La coyuntura es favorable, pero la desconfianza del propietario ante el comportamiento del inquilino provoca que el alquiler no despegue

  • Fecha de publicación: 2 de febrero de 2009

Casa propia: una tradición consolidada

Siempre nos ha gustado la vivienda en propiedad, lo de ser dueños de nuestra casa nos tiene seducidos. Es una tradición tan consolidada que llega incluso a definirnos como sociedad. Puede sonar arcaica esa vinculación emocional, casi atávica, al ladrillo; y resultar contradictorio con ésta y anteriores situaciones de crisis que hemos padecido, e incluso devenir imposible ante lo desmesurado del precio de los pisos. Pero así y todo, nadie quiere alquilar. "Es tirar el dinero", se dice; "total, por un poco más al mes, pago la hipoteca y acabo teniendo mi propia casa", es la respuesta recurrente. Y ha sido así durante décadas. Sin embargo, las cosas podrían comenzar a cambiar. El primer indicador es que la compra de vivienda se ha retraído mucho, hasta un 27% en los últimos doce meses; otra señal: la sentencia más en boca de todos ha cambiado, y ahora es "para qué comprar, si cada mes que pasa la vivienda baja de precio". Es cierto, la vivienda nueva ha bajado de precio un 7% de media en nuestro país desde enero del año pasado, y debe descender aún más. Lo dicen los expertos, cuando aseguran que para que "se restablezca la normalidad en el sector inmobiliario" es imprescindible una fuerte rebaja de precios. La burbuja tiene que comenzar a desinflarse. Y quienes piensan comprar una vivienda serán los beneficiados, justo al contrario de lo que ocurre con quienes necesitan vender, particularmente si la compraron cuando aún regían los precios desmesurados.
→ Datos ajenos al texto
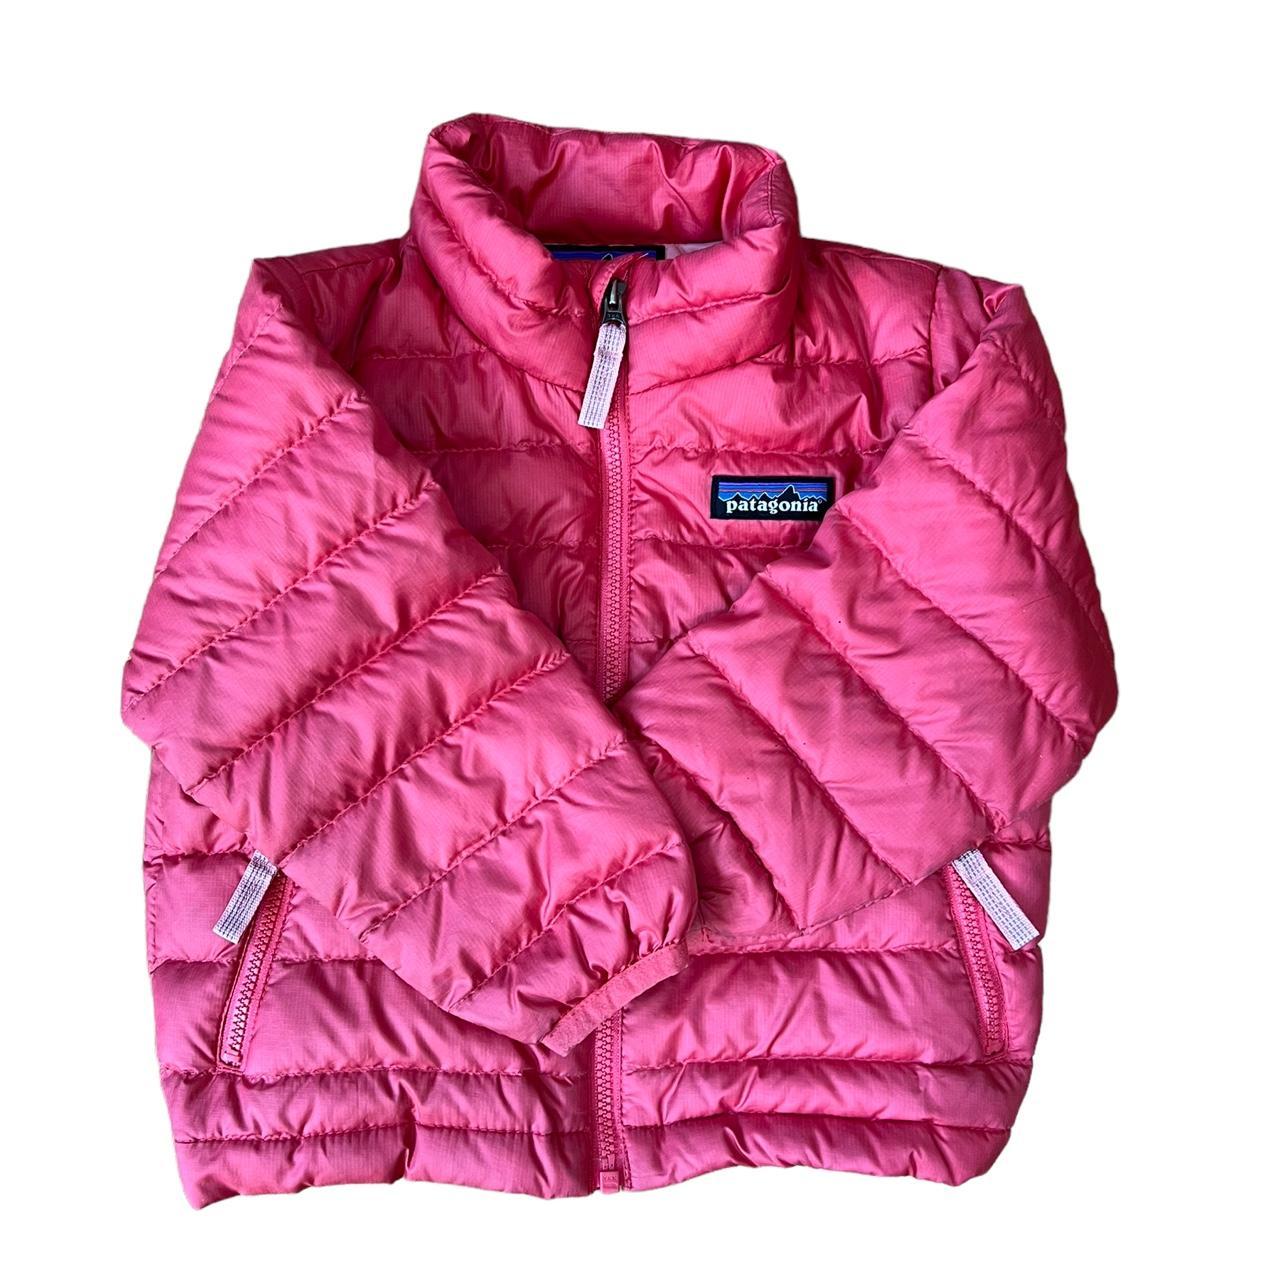 Patagonia Pink Jacket | Depop

Los más iniciados en información económica saben que con la crisis inmobiliaria y financiera, los pisos han cambiado de manos y se los han quedado bancos y cajas como pago de las millonarias deudas contraídas por las promotoras. Y que tendrán que venderlos, antes o después, para afrontar su propia crisis, caracterizada por una apremiante falta de liquidez, esto es, de dinero "contante y sonante".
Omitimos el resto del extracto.